> **DATASET RECORDS**:
###

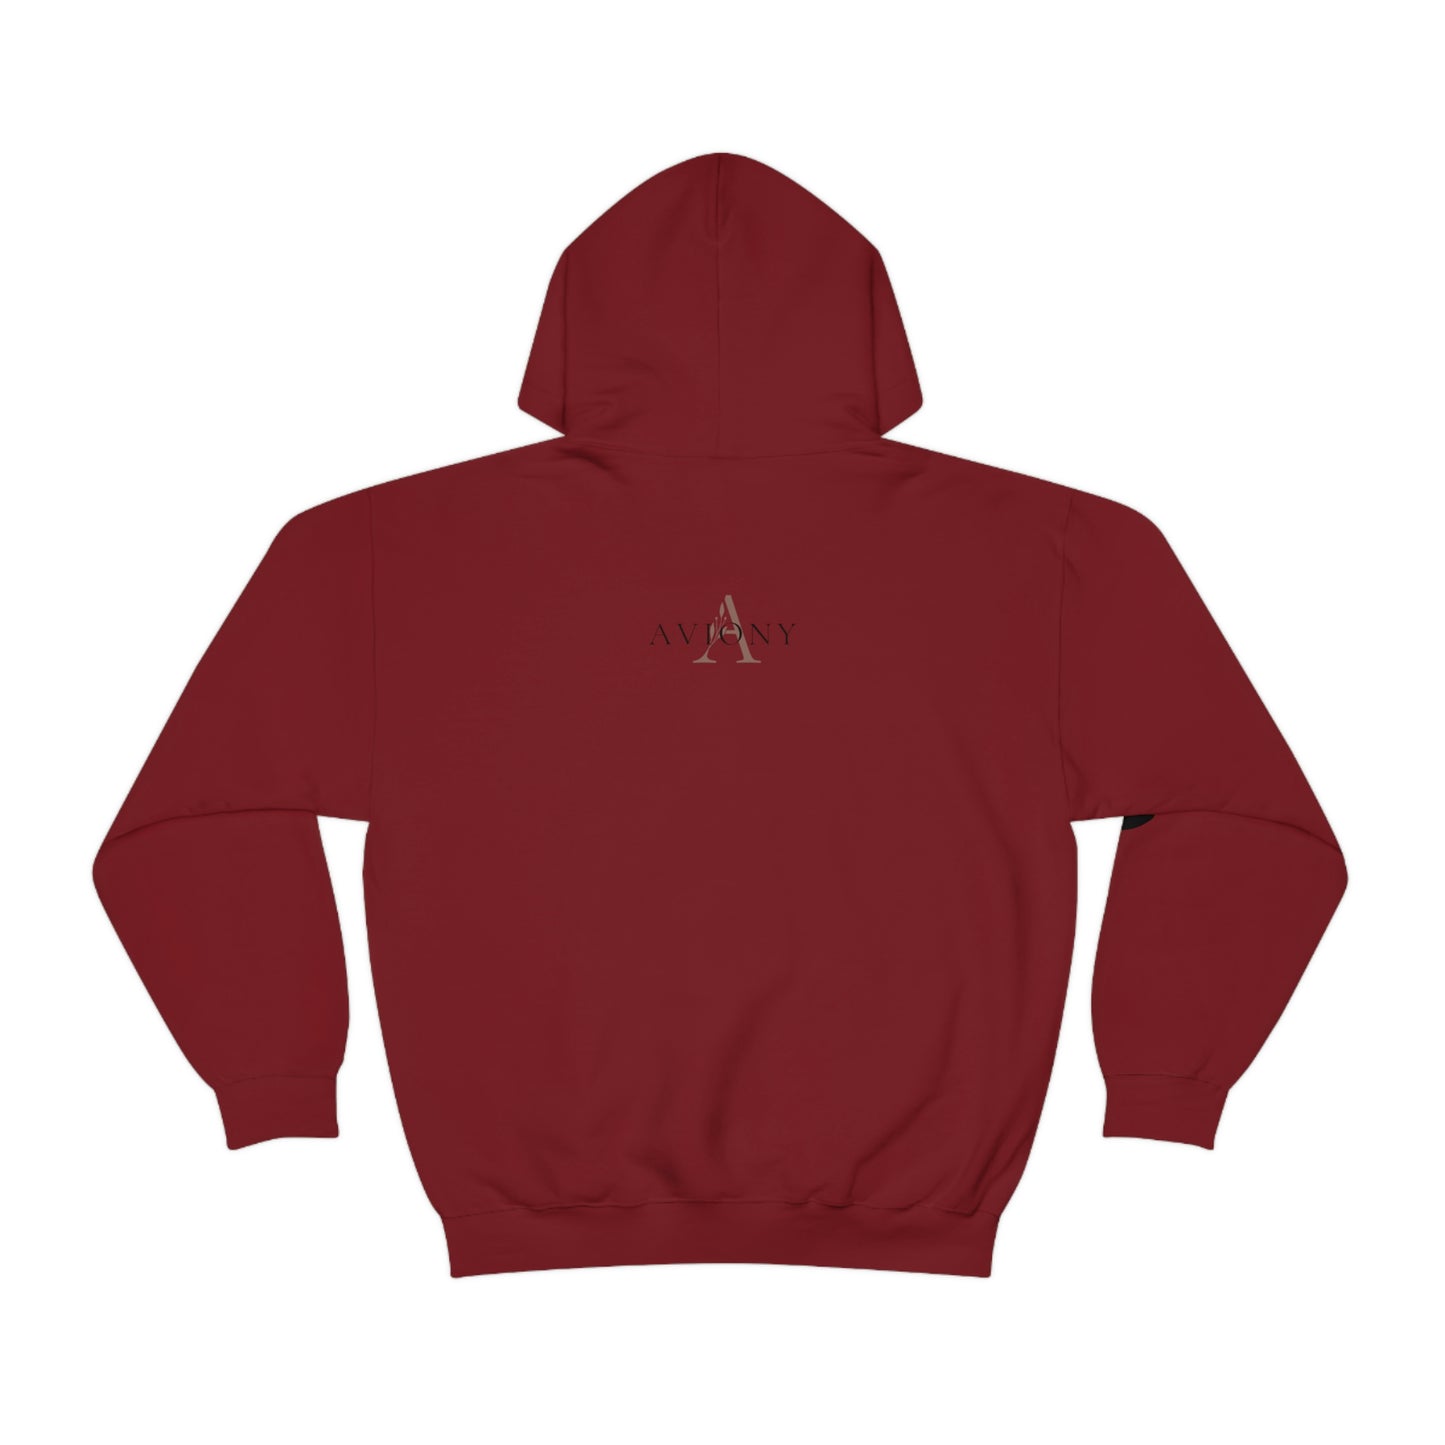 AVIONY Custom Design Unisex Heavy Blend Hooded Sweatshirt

###

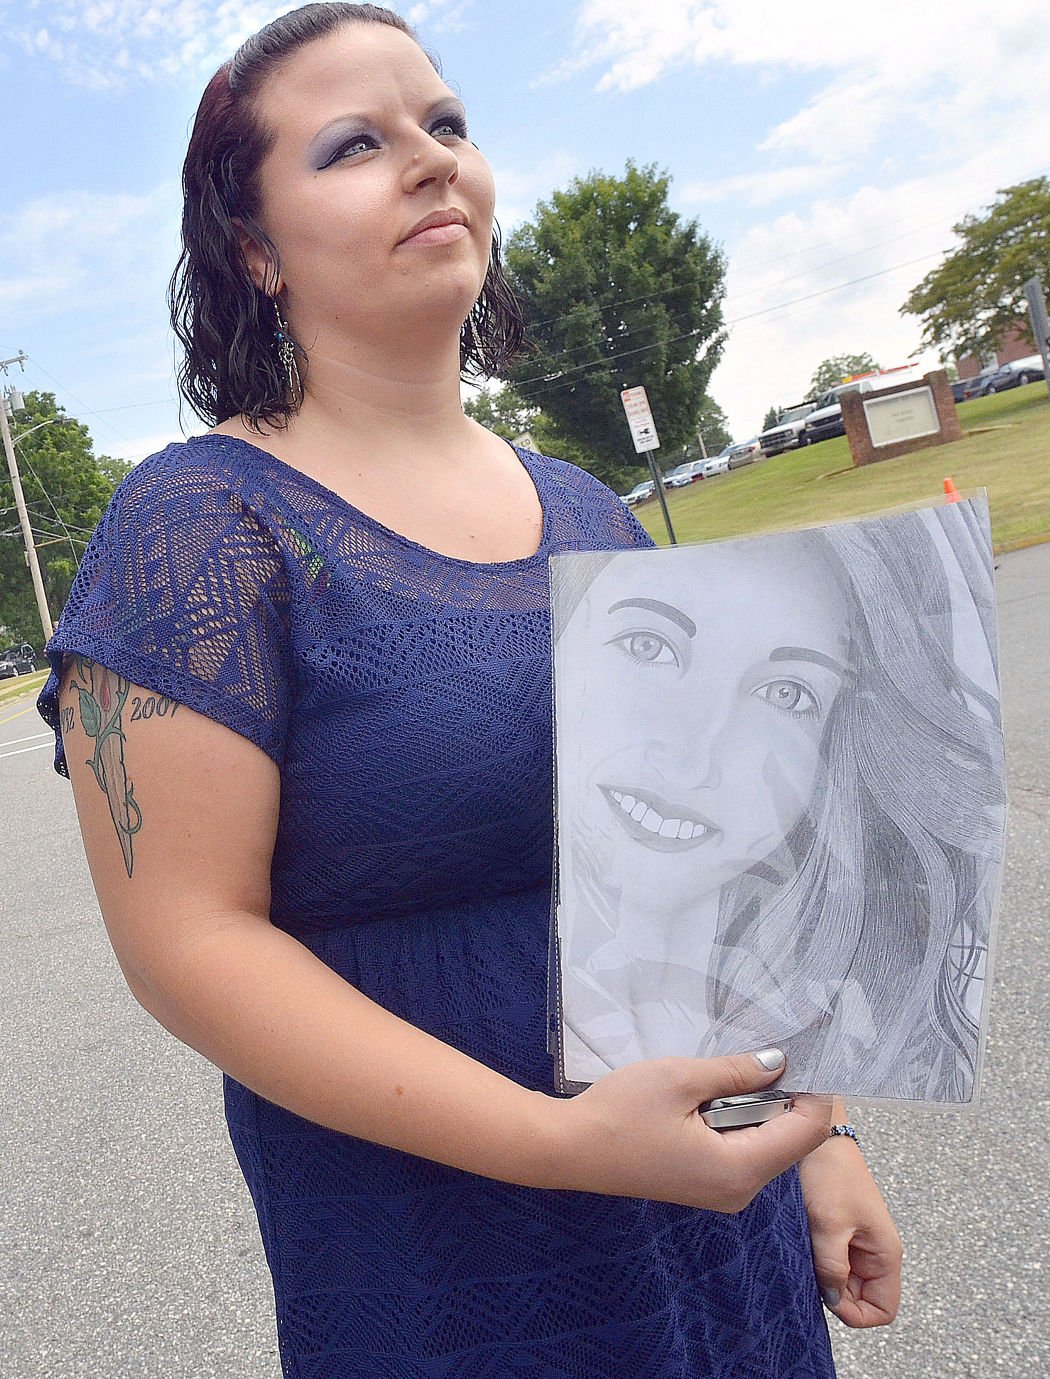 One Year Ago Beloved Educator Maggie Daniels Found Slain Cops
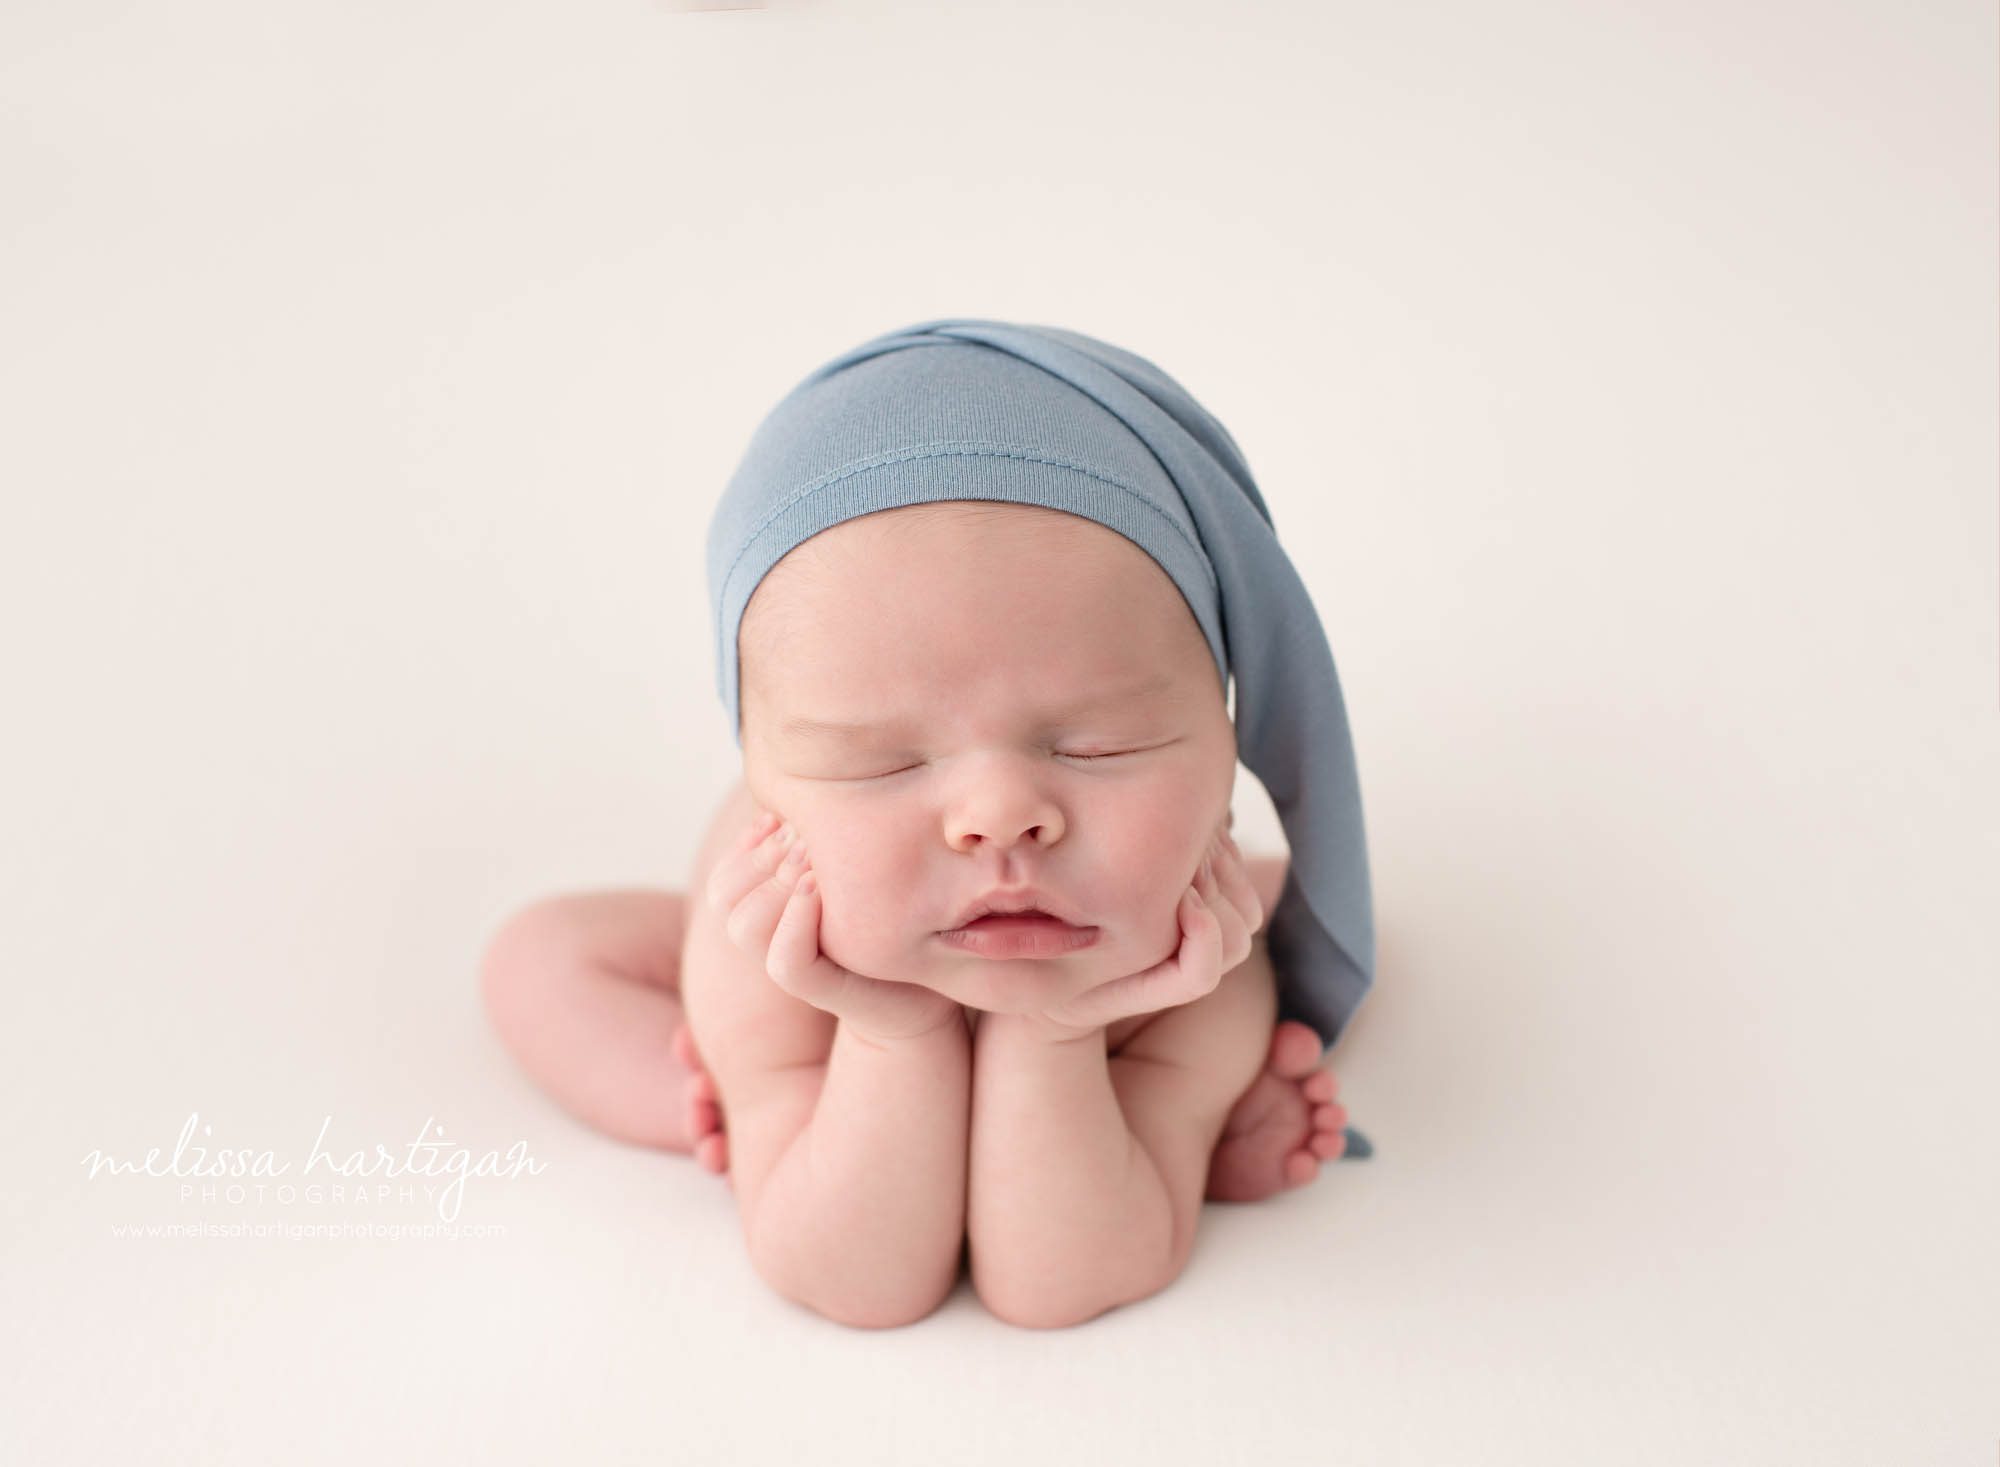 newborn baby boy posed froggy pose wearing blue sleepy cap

###

> **DIRECTIONS**:
Word for word, repeat the lines above from the one with "One Year Ago" through the one with "newborn baby boy", and nothing beyond them. Omit the pictures.

> **WRITTEN RESPONSE**:
 One Year Ago Beloved Educator Maggie Daniels Found Slain Cops
 newborn baby boy posed froggy pose wearing blue sleepy cap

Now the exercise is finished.